Who's Who 16: The Second Half
Loose lips. Clenched fists. Raised voices. Raised to the rafters and tattered flags. Raised to the antique ads and the framed, signed shirts kept behind glass. Break in case of hero worship. I’m here looking for a crooked little voice that used to whisper from my shoulder. I’m pretty sure I left it in this room.
The man on the screen is running with the ball, dodging past the warps and scuffs. His team have suddenly woken up. Which is unfortunate for the rest of us.
The crowds are a blur. Faceless, formless. A Greek chorus turned raucous. A mythical beast, born with many heads, blossoming arms in the background. Their cheers drown out the commentators as the man keeps on running.

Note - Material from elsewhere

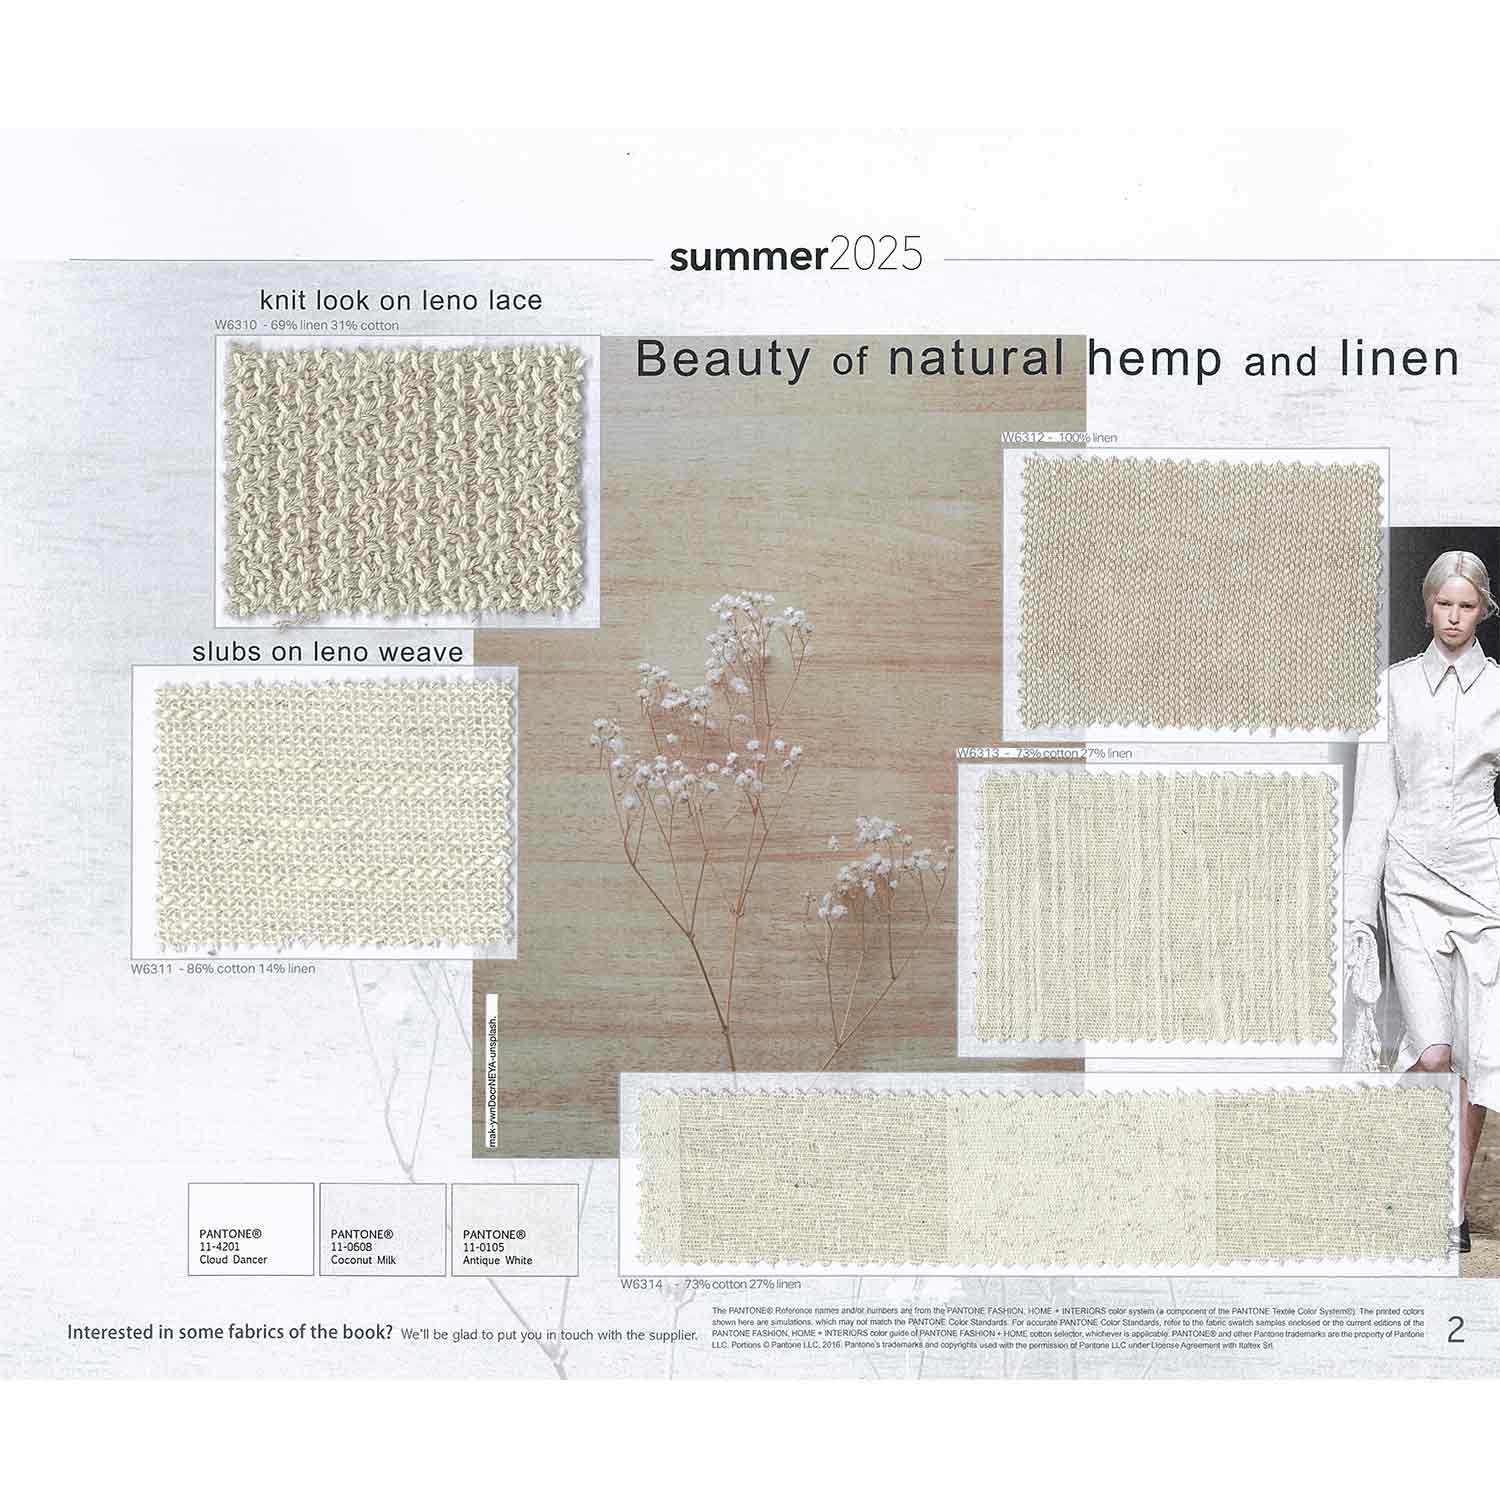 Five fabrics for women's wea summer 2025 in the natural shades of linen and organic cotton. One knit look leno lace. One horizontal construction with linen slubs on leno lace. One fake plain linen. One bark effect cotton linen.  One large repeat subdued stripe for different uses including dresses, blouses and skirts

You can hear the accent in his impending victory. The tide has changed before our very eyes.
Where we’re sitting, far from the bar and further from the toilets, the walls are closing in. There are so many people here. People as far as you can see. People as far as you can smell.

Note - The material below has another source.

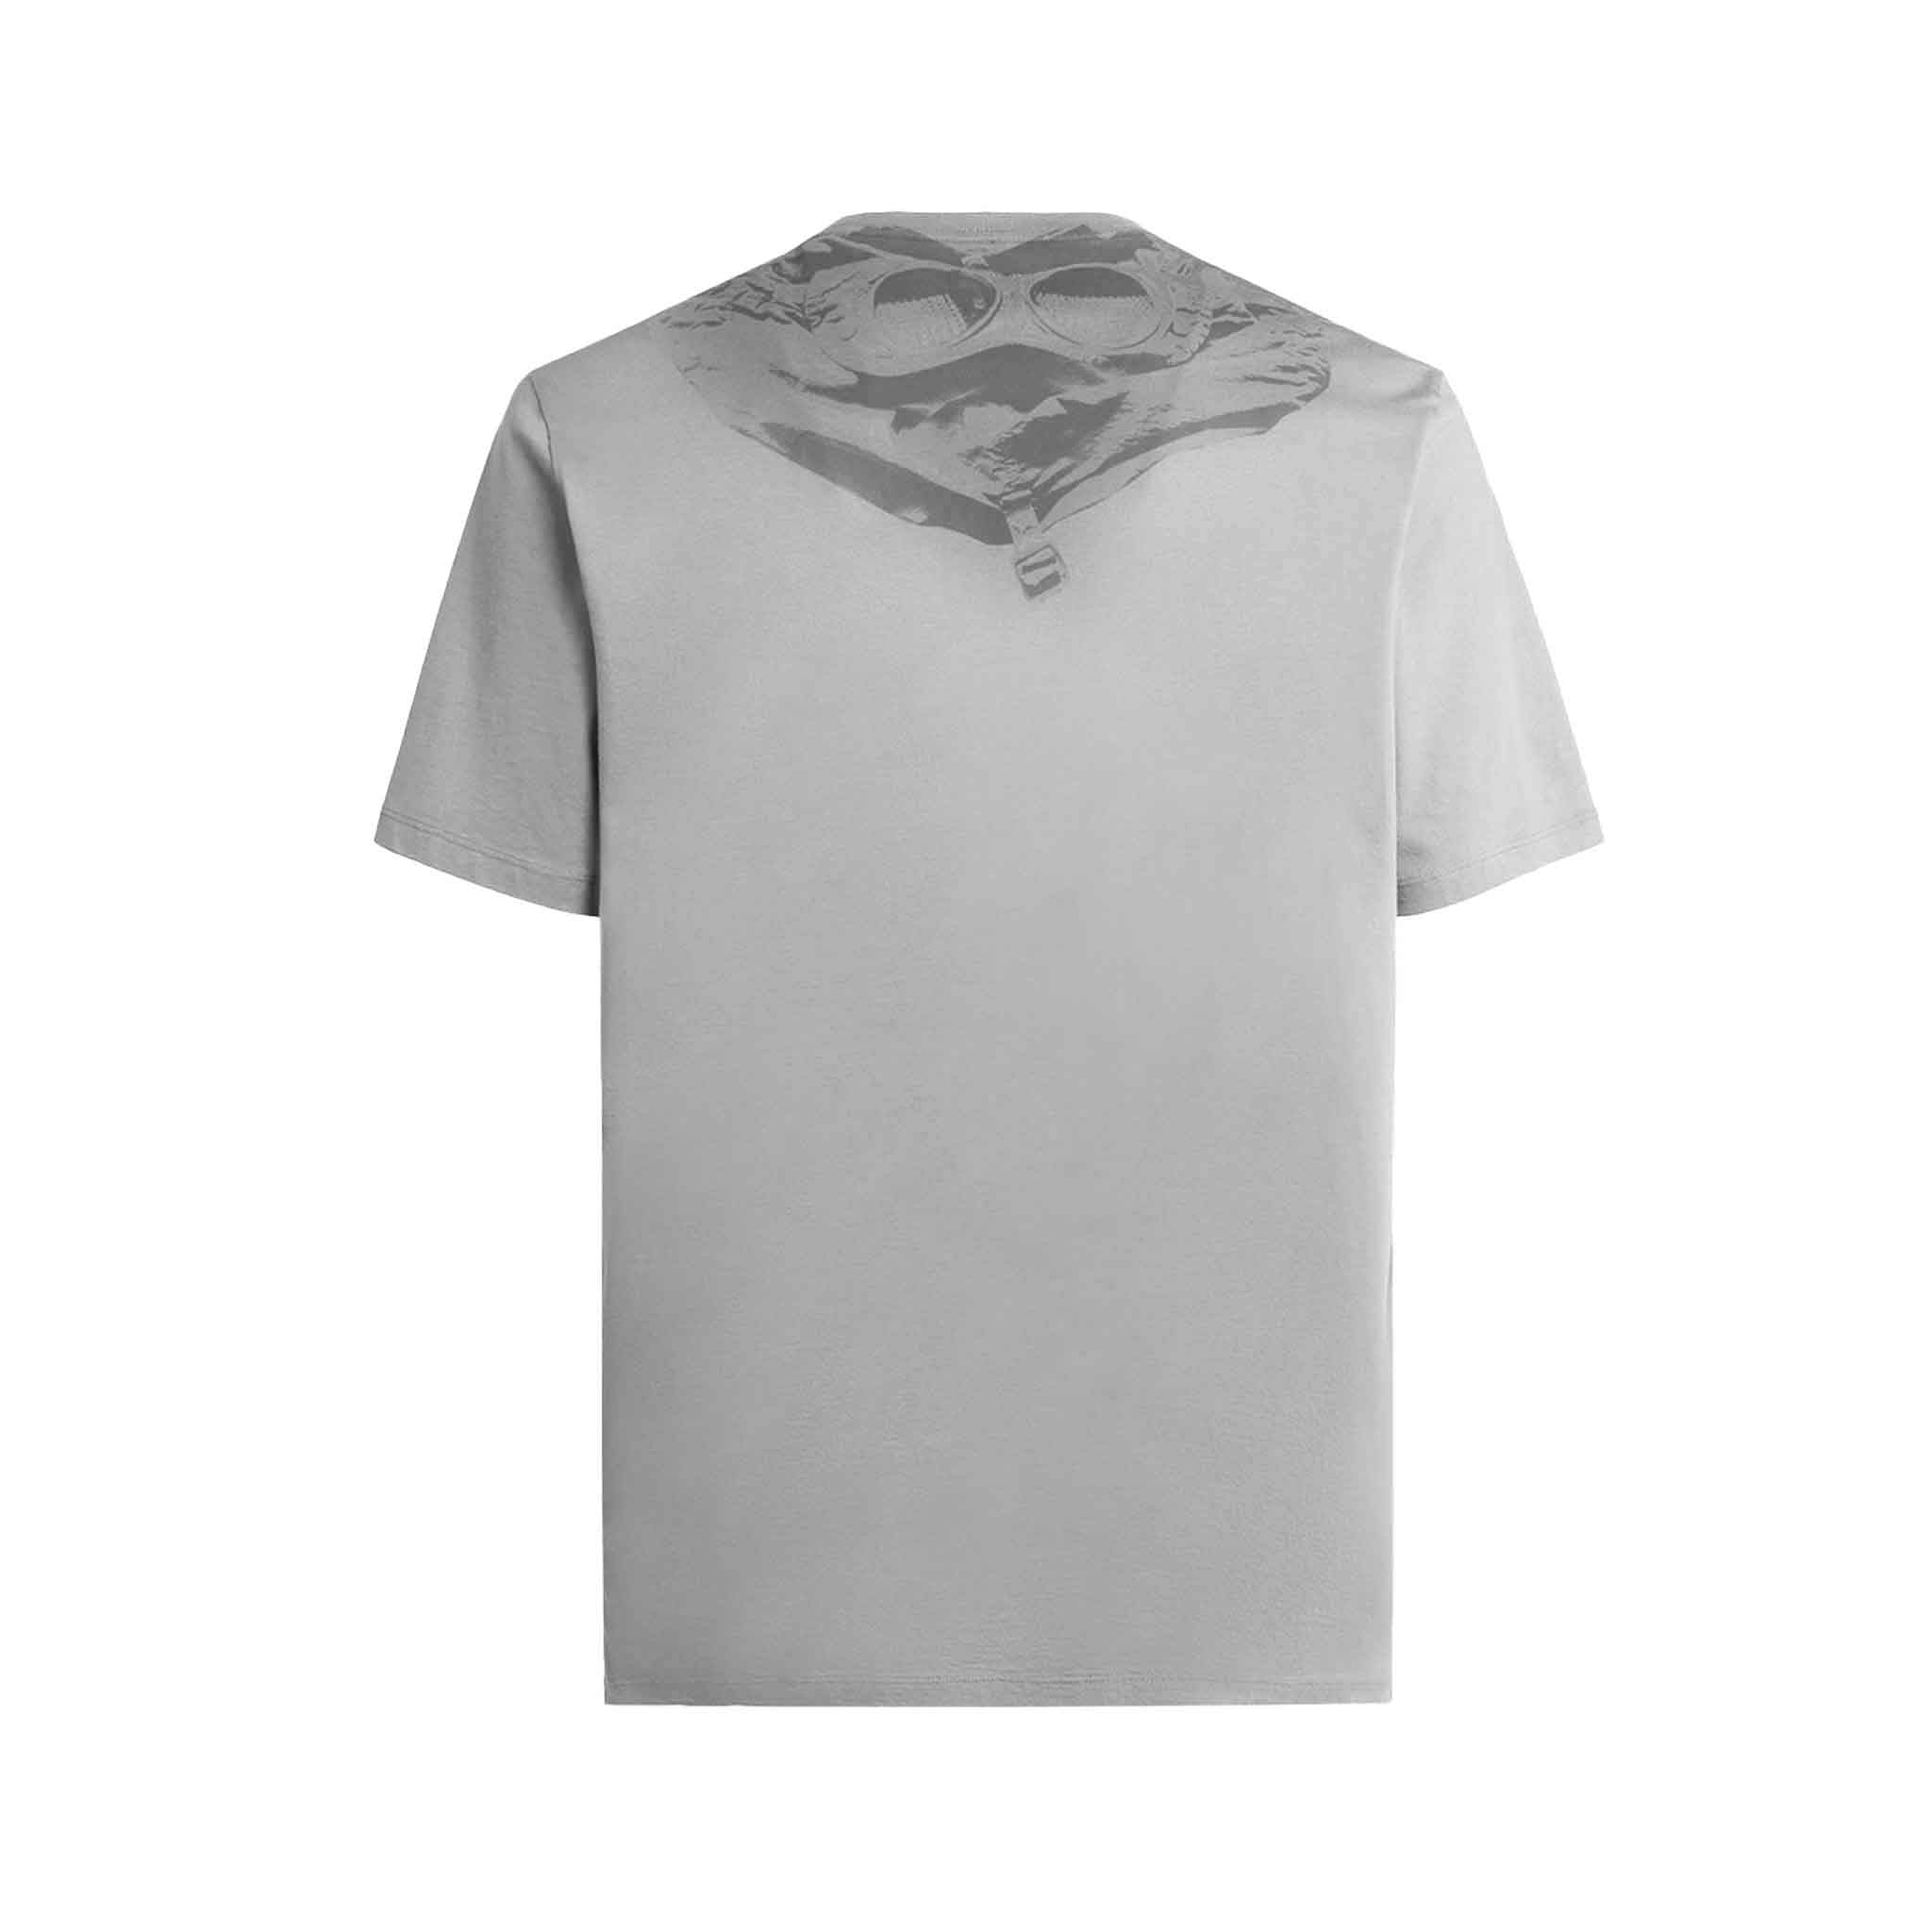 C.P. Company 30/1 Jersey Goggle T-shirt in Drizzle Grey

Later, a bouncer clutching a coffee will tell me he’s been turning people away. I can’t help but think of the ark, or is it the stable? (This is as I stand in the rain, shivering in my boots, but sweating through my clothes.)

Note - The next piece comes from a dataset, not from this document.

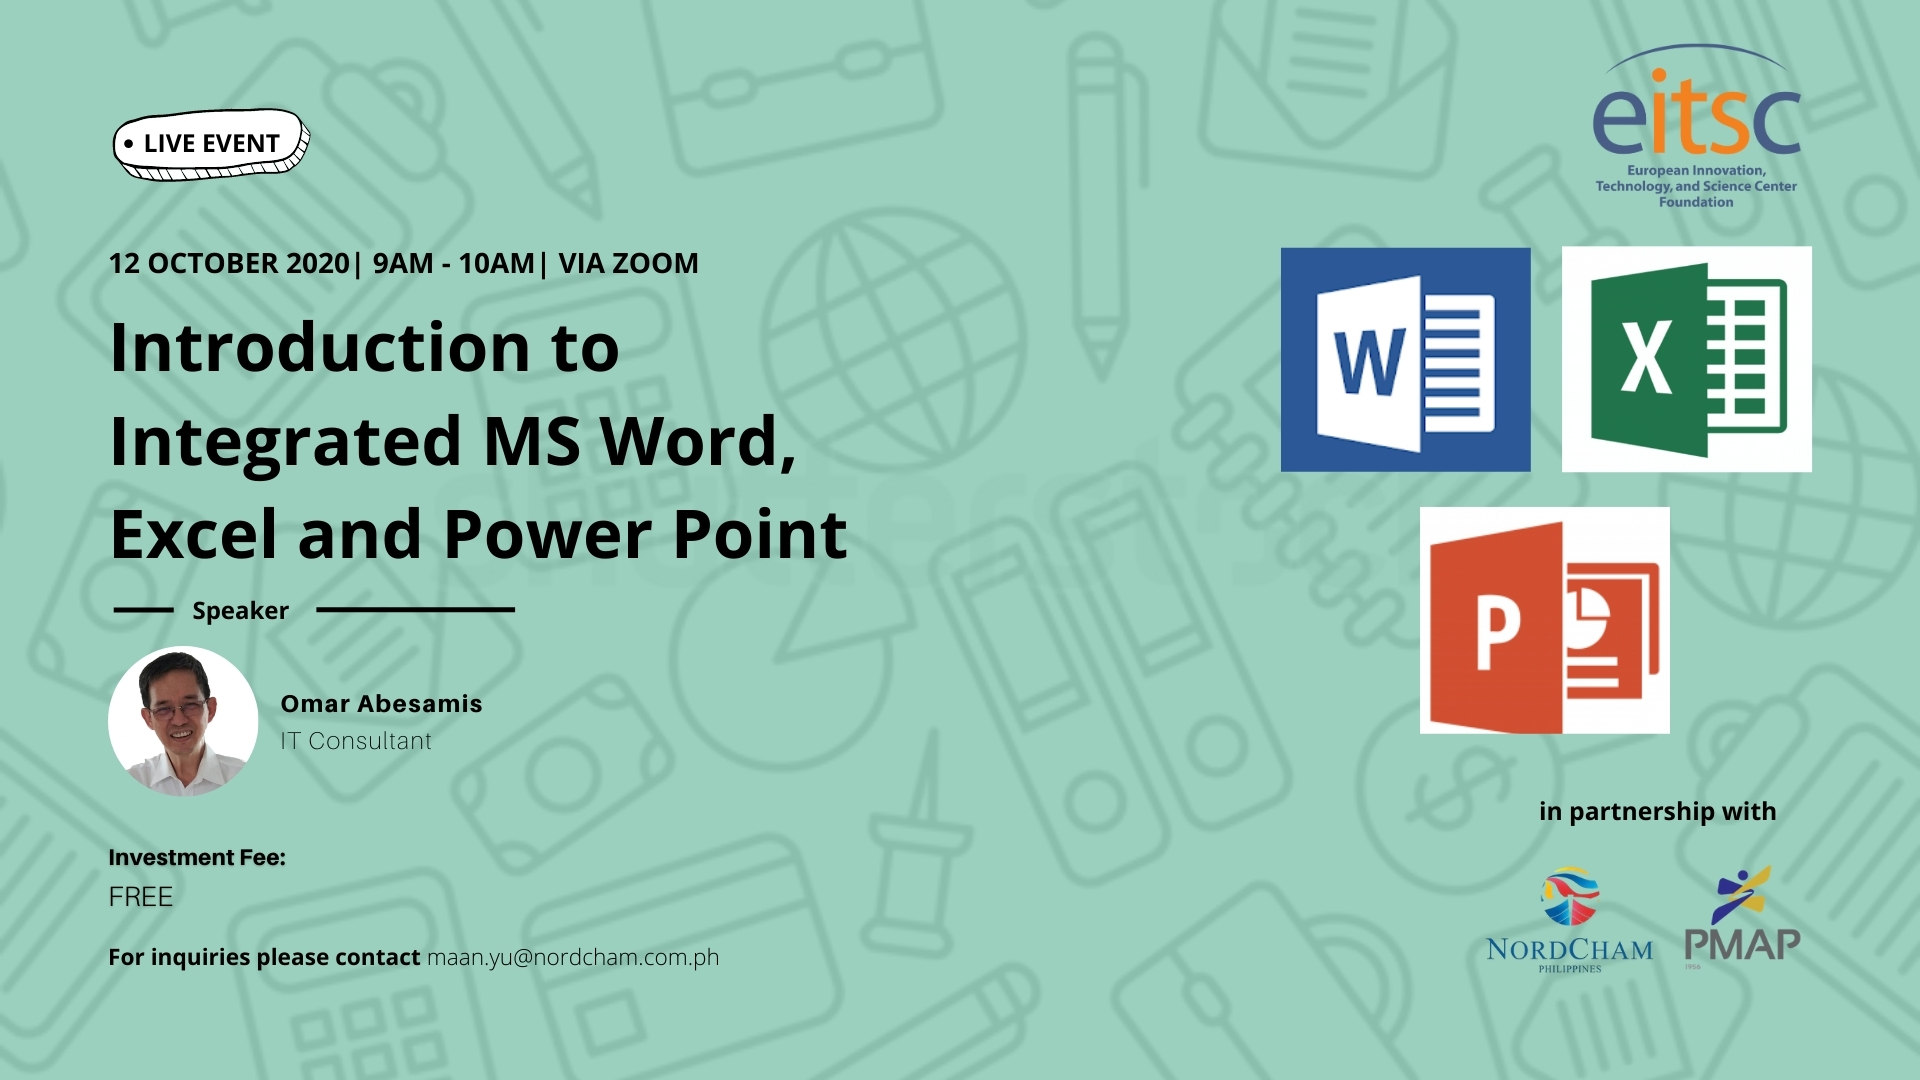 microsoft all in word excel and powerpoint free download

We came two by two, I think, but there was no room at the inn.
Last year, I left alone. Before the snow stranded me in the wrong bed.
From the table, it all looks like some fractious, fractal puzzle. A jigsaw of limbs and drinks. Teeth and chants. Everyone screaming their opinions as if they believe their support can permeate the screen and bulls-eye directly into the ear of the player they love the most.
This is worship in a giddy, sticky floored church. Idolisation of a man wearing the same shirt as you.
Behind me, there’s a guy who’s been comatose for hours. His home game t shirt straining to hold him upright. His head slumped. His hand limply clinging to the latest pint. He’s been quiet, bar the odd burble. The drain, hidden behind his lips, must be emptying. Either that or maybe I can hear his liver praying.
His whole table is a selection box of midlife crisis flavours. The older men clinging to the younger men. The younger men trying to pretend they’re still boys. It’s mutually assured deception.
The dyed brown hair with all the colour and reality of a Hanna-Barbera cartoon. The jokes told a little too loud and proud, just to show they can be offensive once the kids aren’t underfoot.
As the drinks flow faster, wives are cursed. Jobs are dissected. Politics bobs to the surface. All the time, as they cosplay youth, they keep their big friend topped up. Their mascot. His hair so blonde he could be an action figure. His waist making me believe that maybe everyone is right, maybe I have lost weight.
Then the player on the screen scores and the celebrations accelerate to bloodthirsty in breath-taking speed. Swaying bodies are driven to unstable feet. Arms are thrown high. Drinks are thrown higher. It rains ale in some corners.
The divides being drawn on maps beyond our pub are starting to show in here. Backstops. Back peddling. Back biting. The drink has kicked the brakes off without us even noticing.
Suddenly the big lad behind me stands. No, not stands. He bolts to his feet and screams. Screams in absolute celebration. It’s a war cry. It stops the room in its tracks, for a breath or two. Before his table of painted clowns join in and the bar staff exchange worried looks. Inaction Man is inactive no more.
He turns, surveying the room. Arms aloft. Hands made into fists. A pint glass cracking under the pressure of thick fingers, blood trailing down towards a hairy armpit.
His eyes are wide and fierce. His teeth are merely crooked battlements, failing to contain the monstrous roar the world has driven out of him. He’ll feel this in the morning. We all will.
I look round, unsure. He catches my eye and there it is. My old friend. Raging. Steering. Pushing every button. Comfortable in its new home.
The sight of it, plain as day, drives me out the side door. I push into the dark and the rain, where it can’t reach me.
I watch the rest of the match through a steamy window and hear him bellowing until we equalise. Ten long minutes later. Although I’m told he disappeared way before the final whistle. Regardless, there would be no cups or trophies for us this year.